Your task is to reproduce the listing exactly, without its images.

__STORED DATA__:
------------------------------------------------------------------------

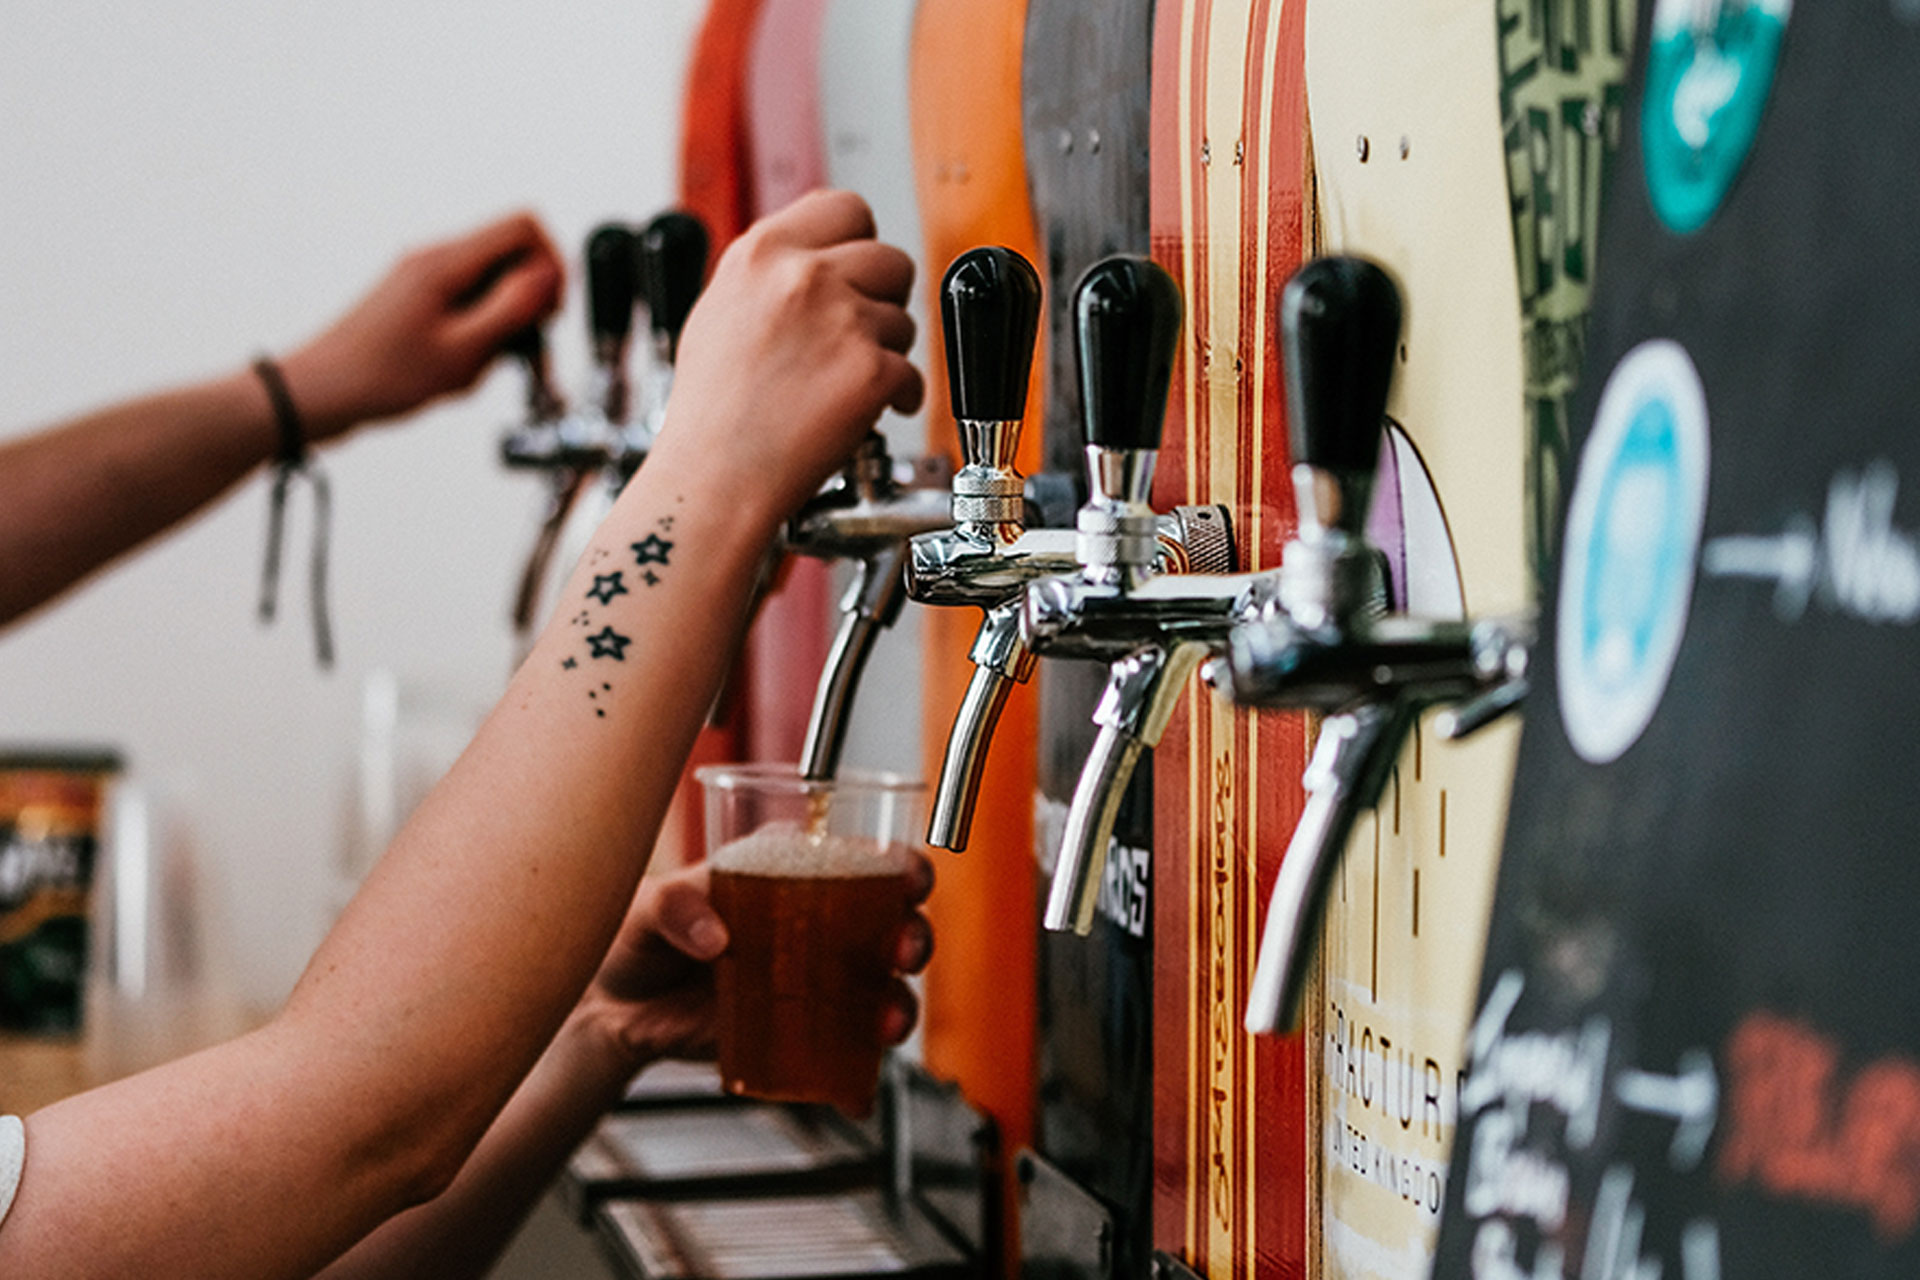 https://www.mncraftbrew.org/wp-content/uploads/2018/06/Find-Brewery-Home-3.jpg
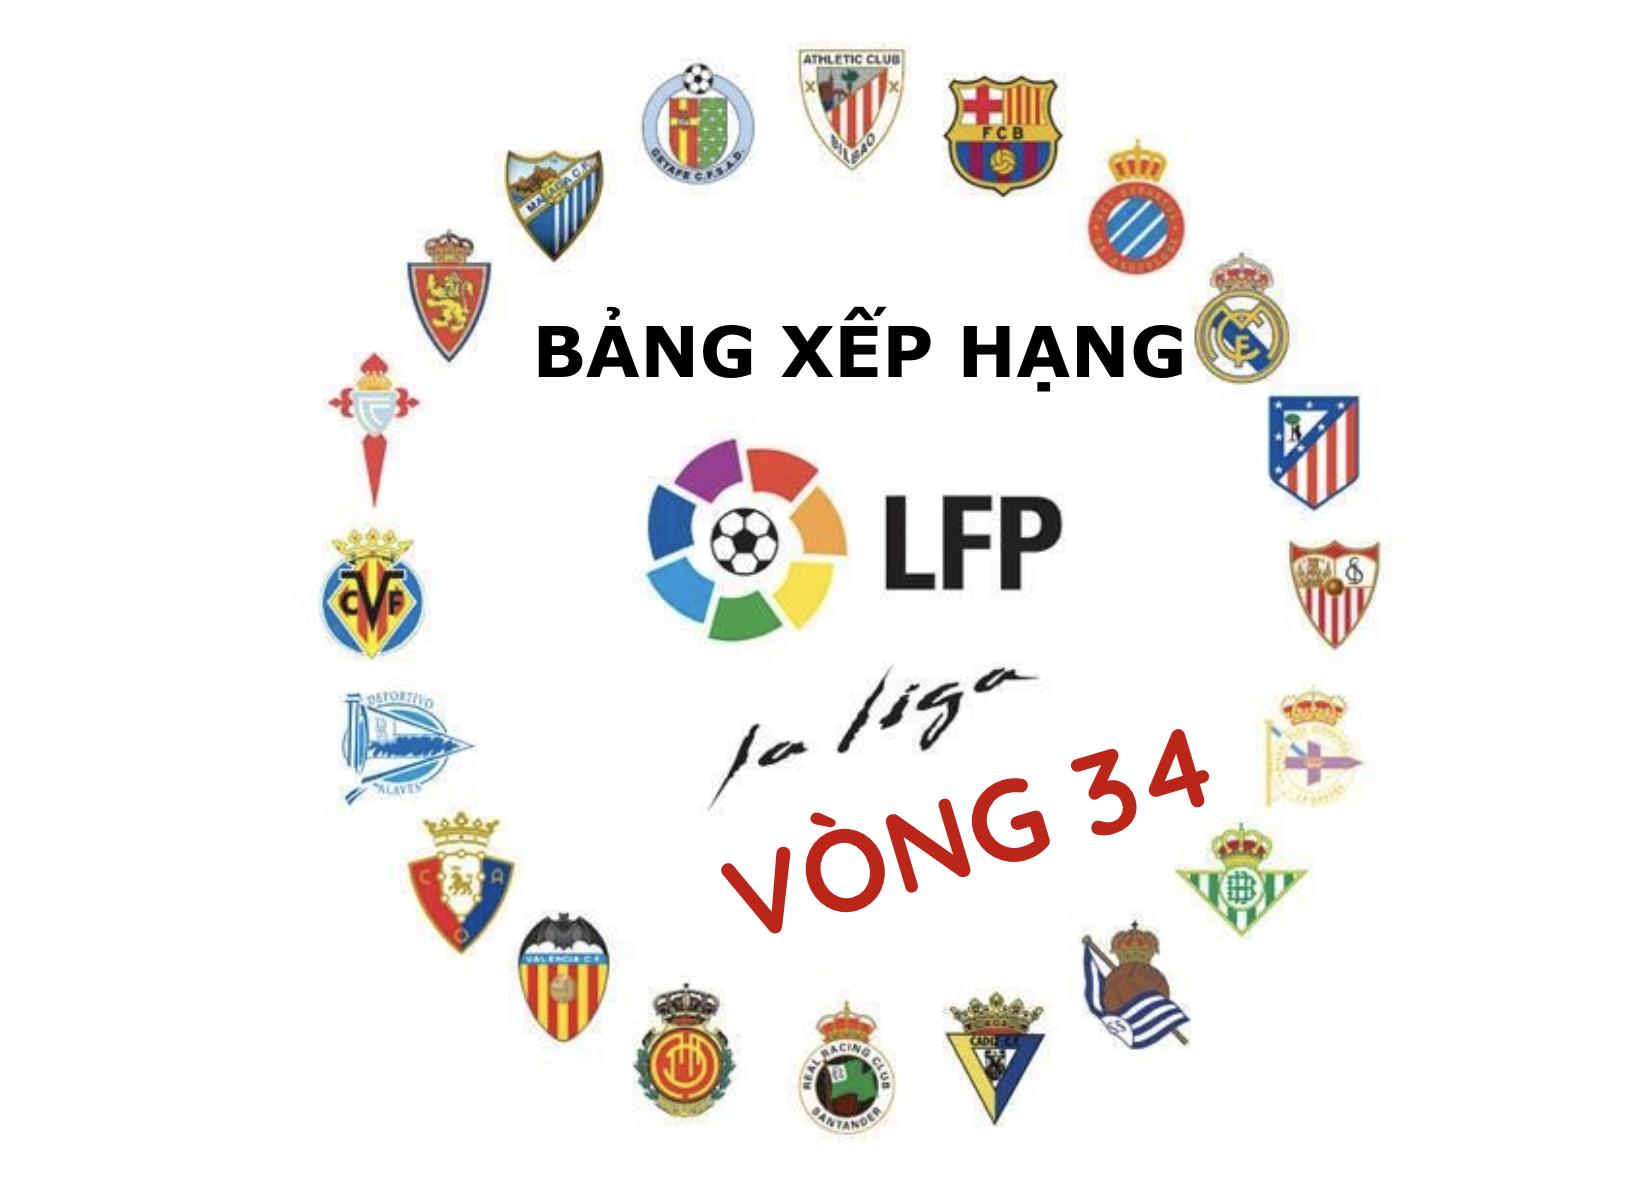 Bảng Xếp Hạng La Liga 2020/21 Sau Vòng 34
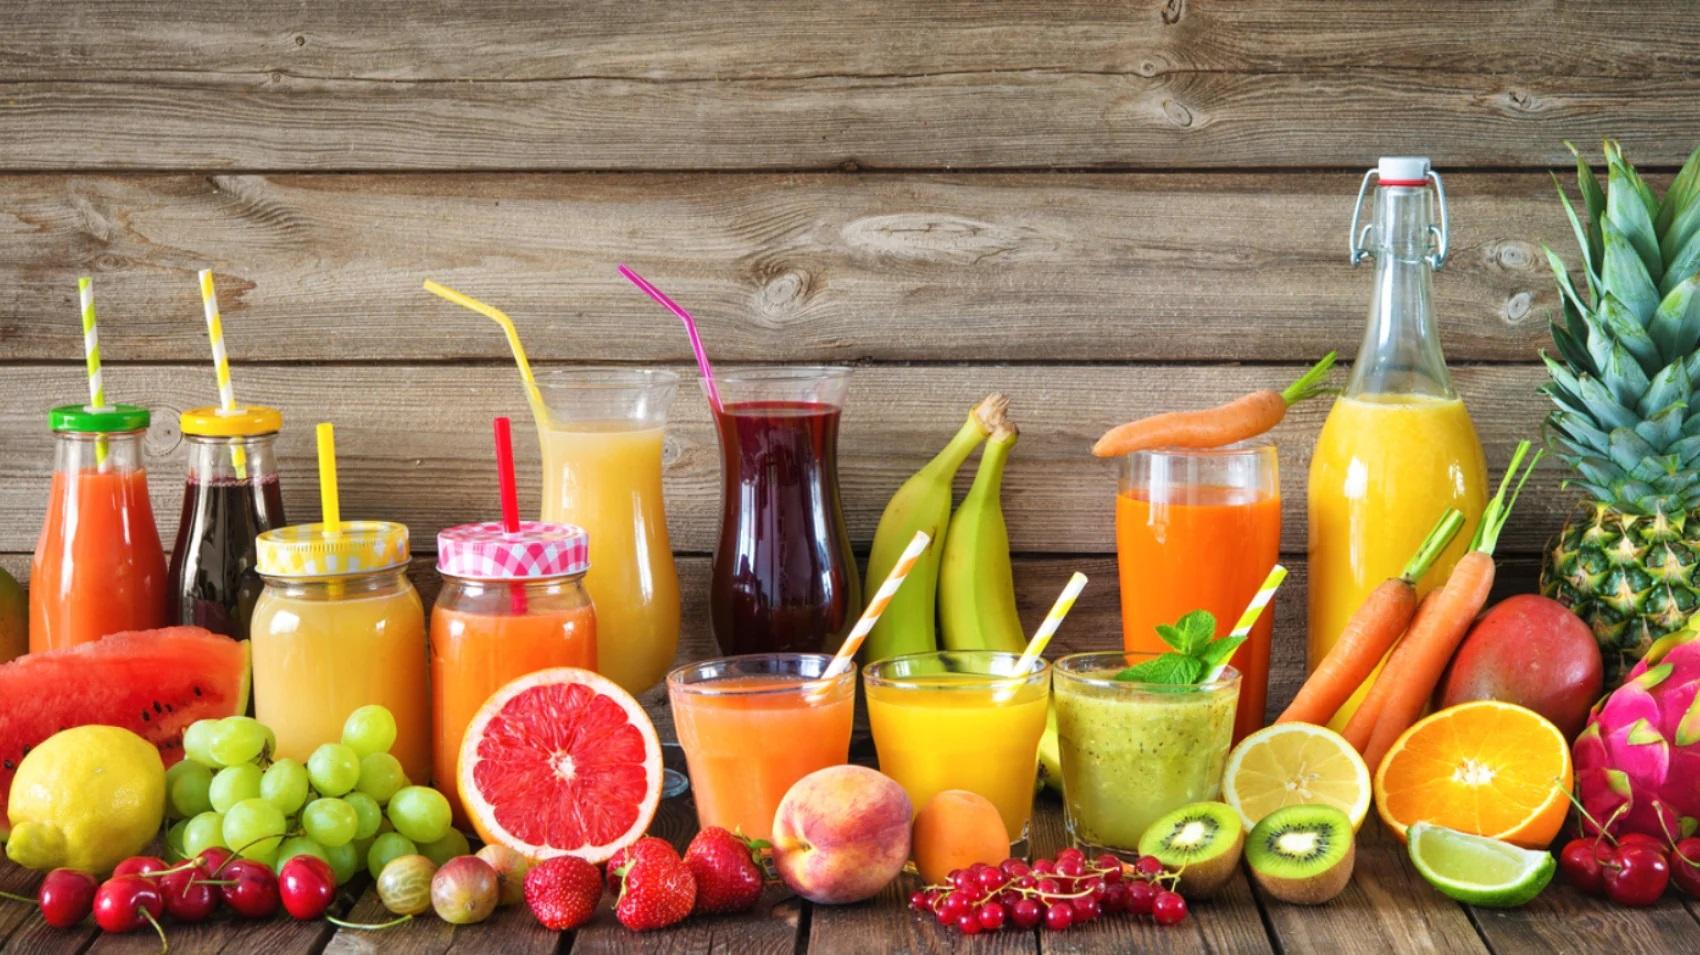 ricette per frullati di frutta e verdura

------------------------------------------------------------------------

__TASK ANSWER__:
 https://www.mncraftbrew.org/wp-content/uploads/2018/06/Find-Brewery-Home-3.jpg
 Bảng Xếp Hạng La Liga 2020/21 Sau Vòng 34
 ricette per frullati di frutta e verdura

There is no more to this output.